*Required work*
Take nothing but the lines from the one with "Beleuchtung in der" through the one with "高嶋香帆 セクシー画像 92" in the entries below, both ends kept, and return them exactly with pictures left out.

*Data for processing*
···

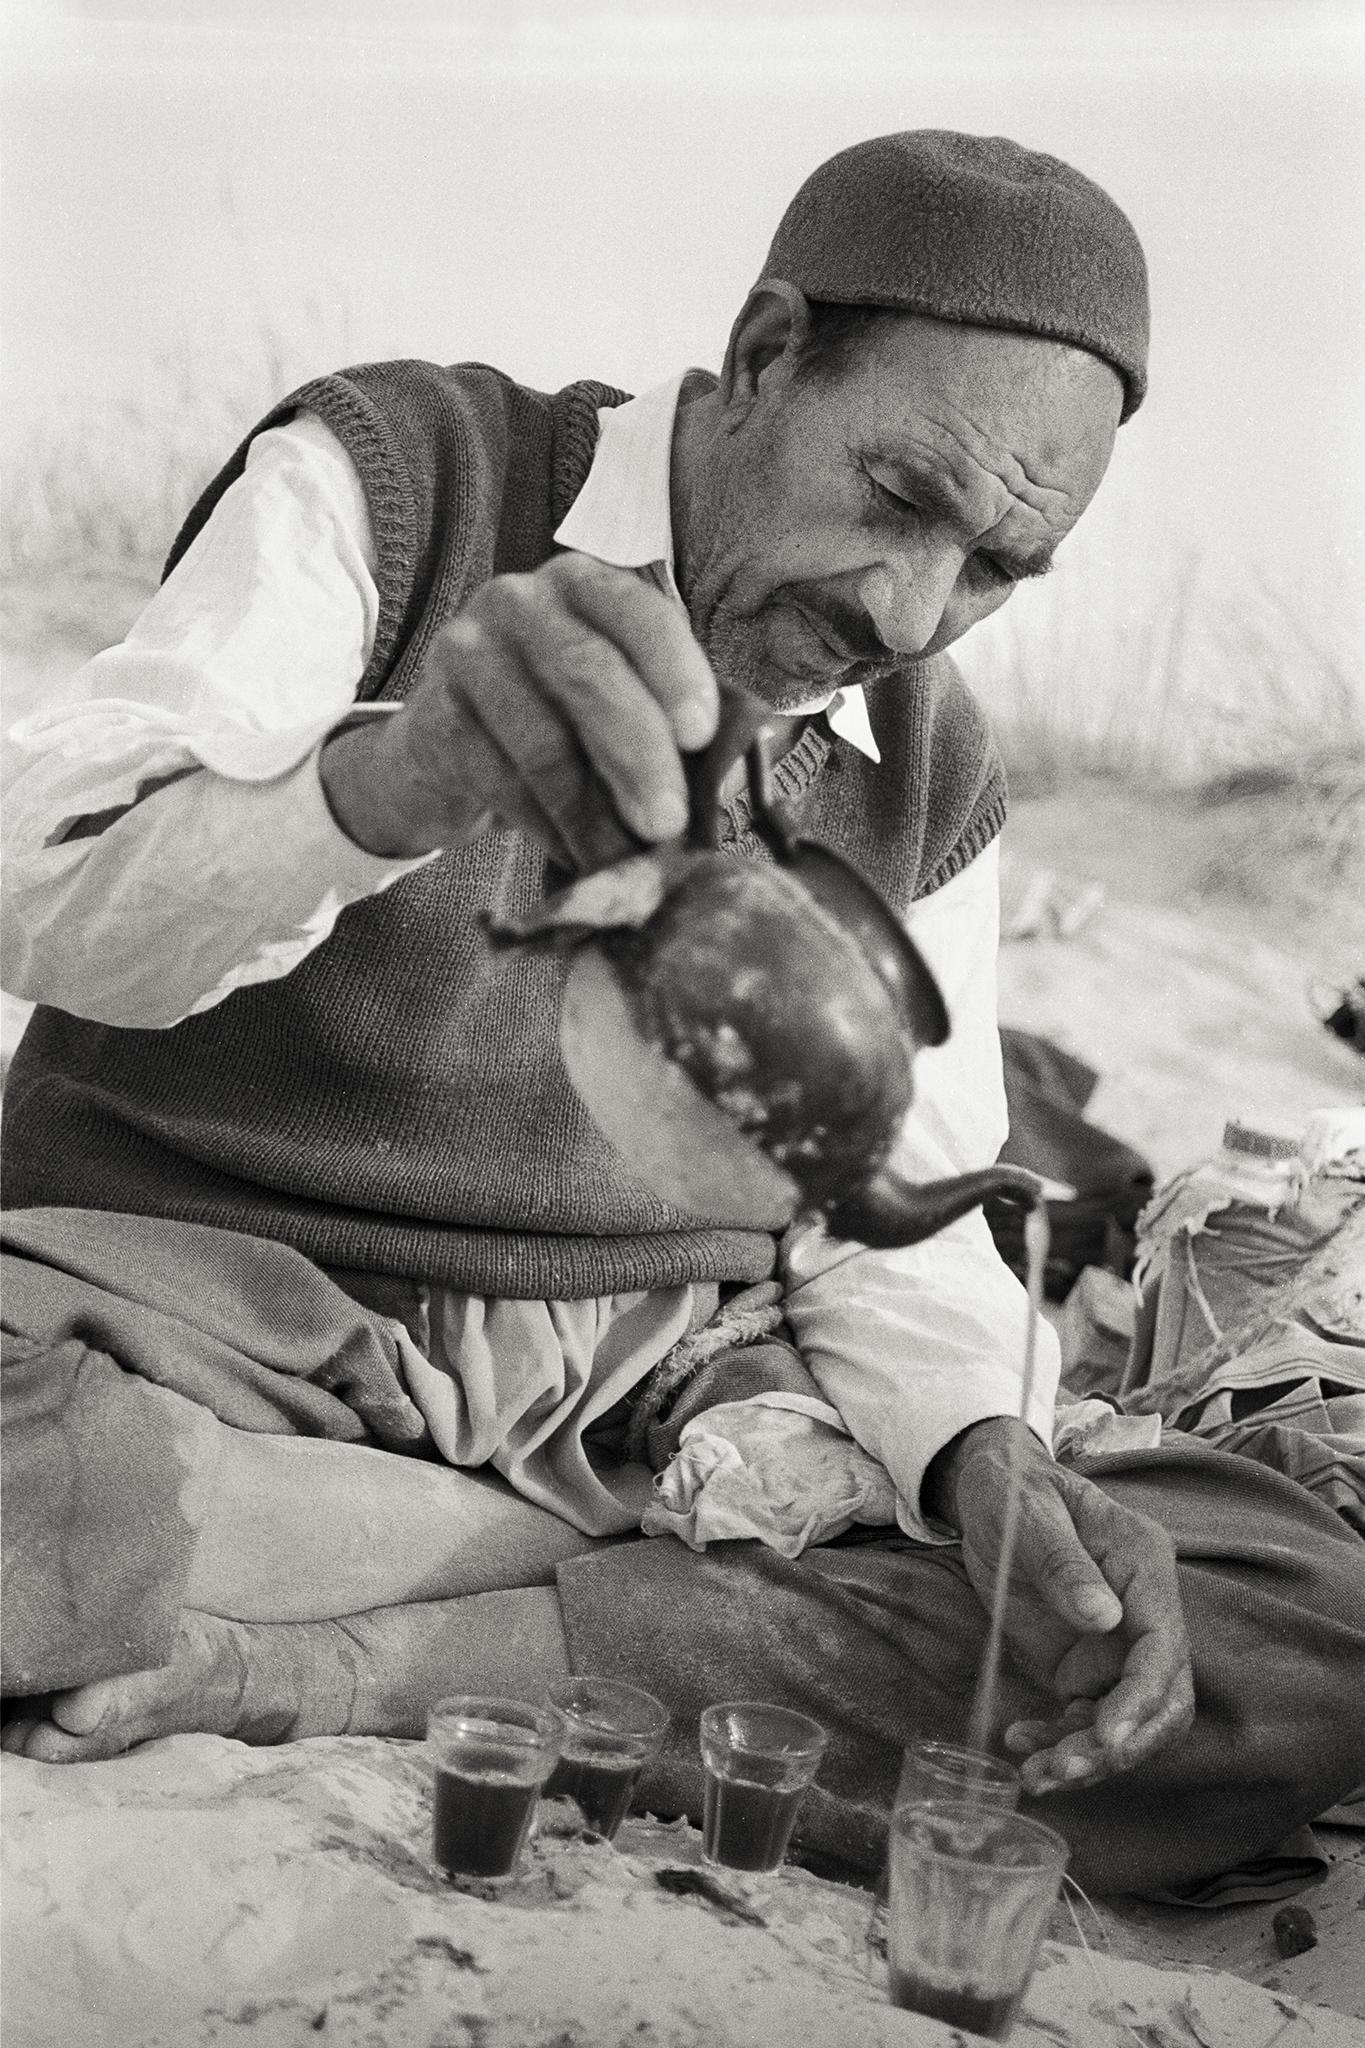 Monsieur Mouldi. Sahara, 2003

···

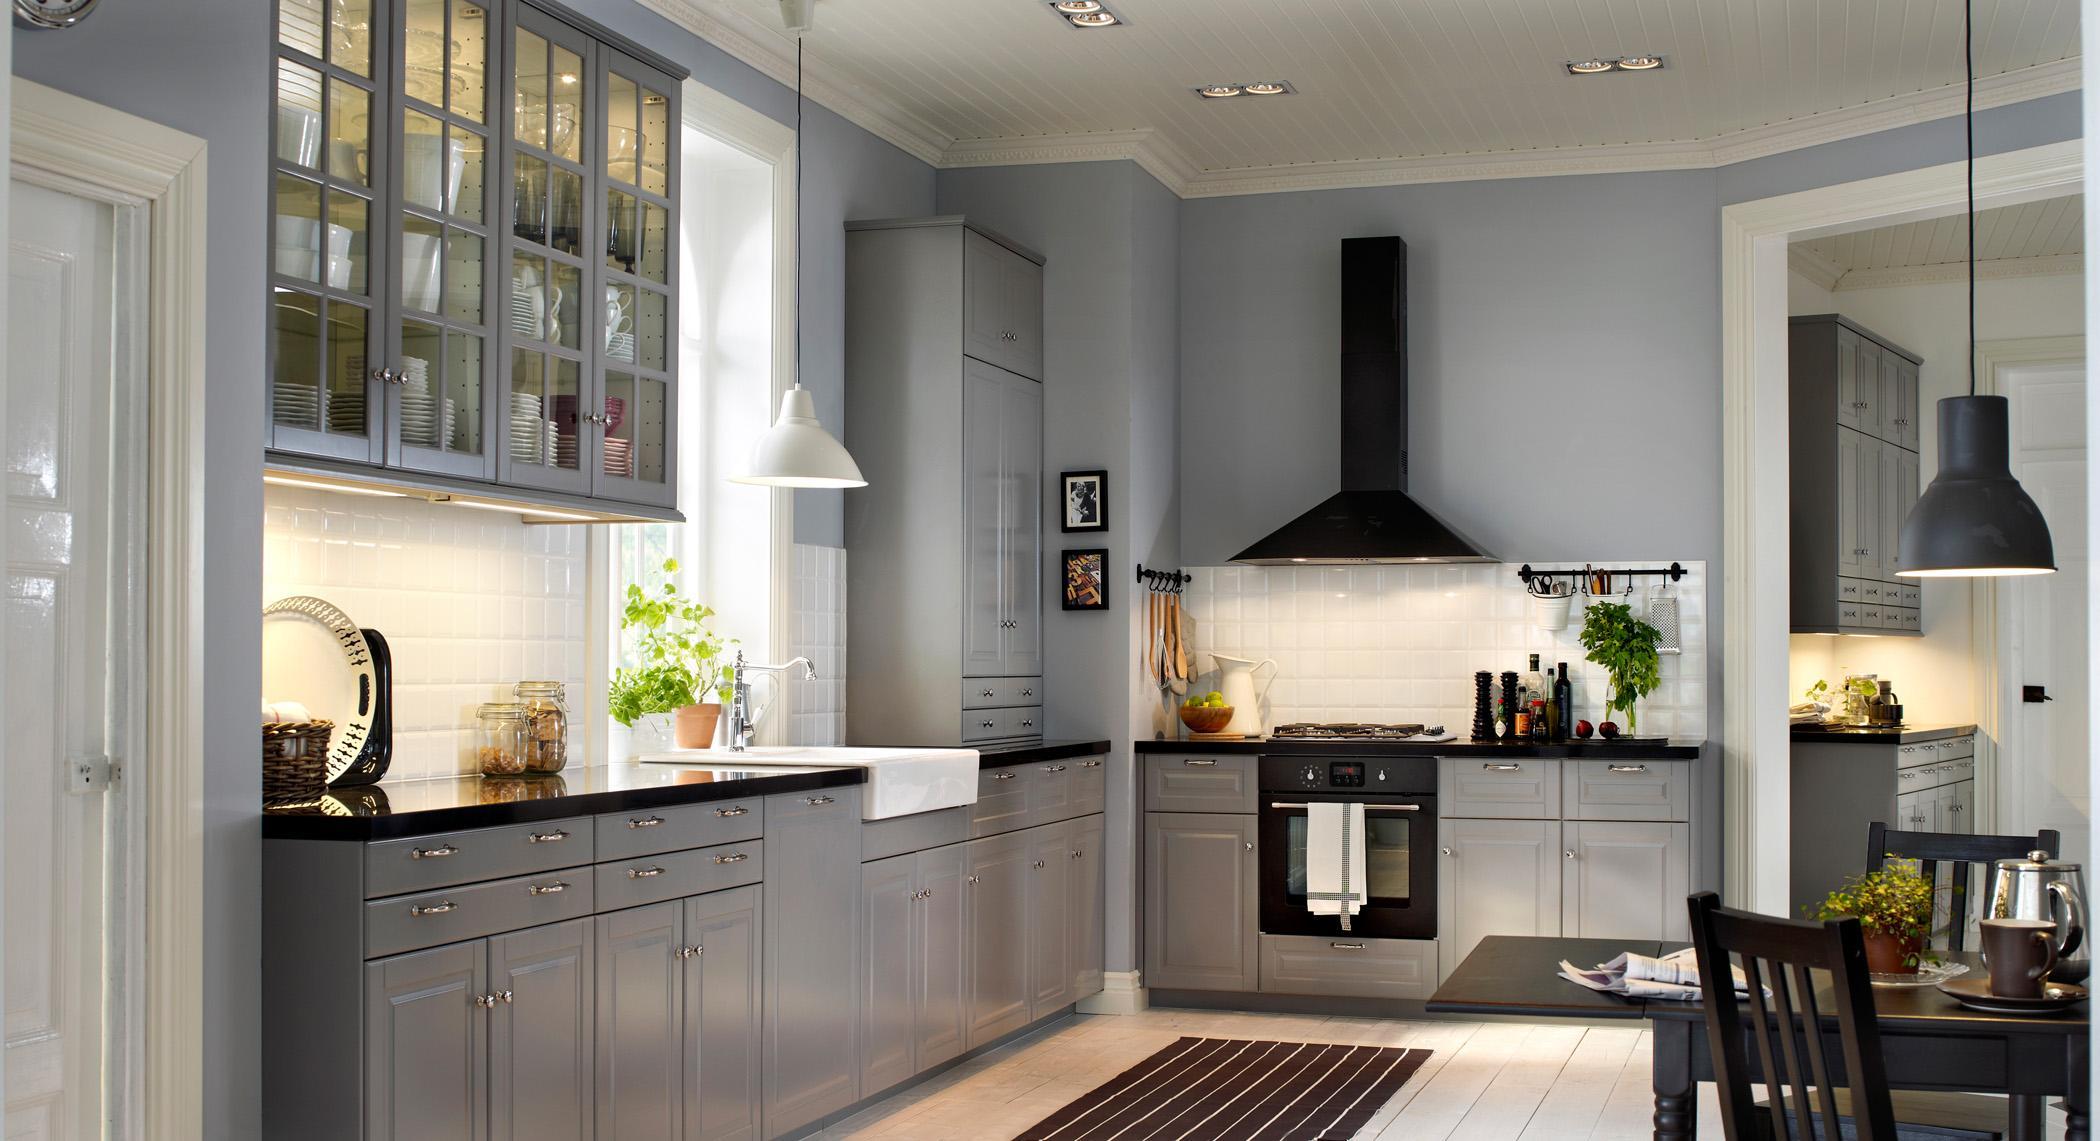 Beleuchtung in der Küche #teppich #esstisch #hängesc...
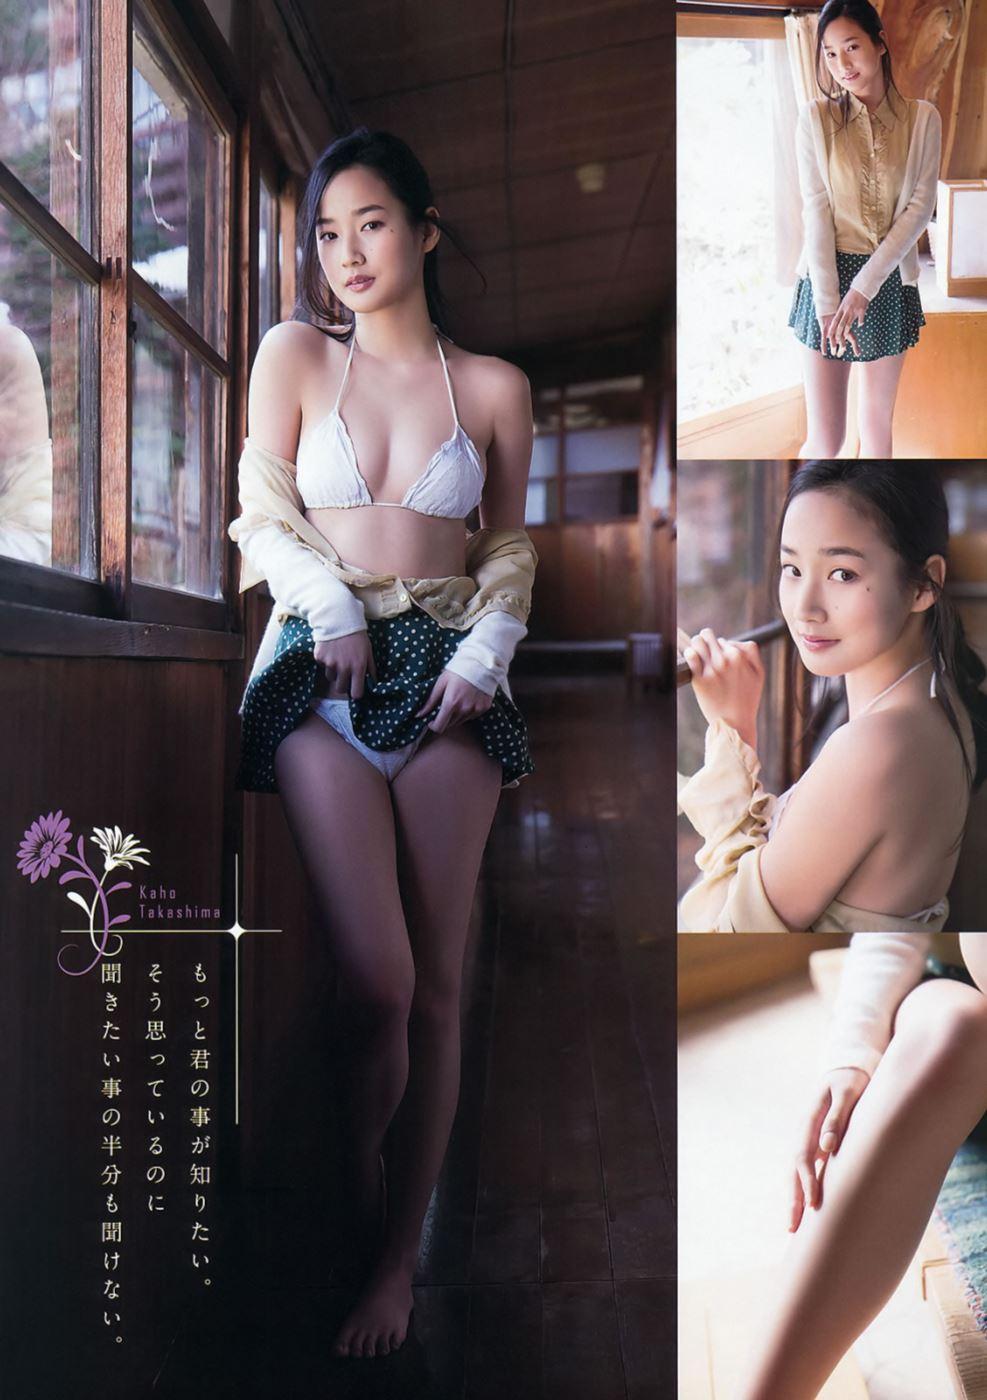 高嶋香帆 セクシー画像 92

···

*Answer section*
 Beleuchtung in der Küche #teppich #esstisch #hängesc...
 高嶋香帆 セクシー画像 92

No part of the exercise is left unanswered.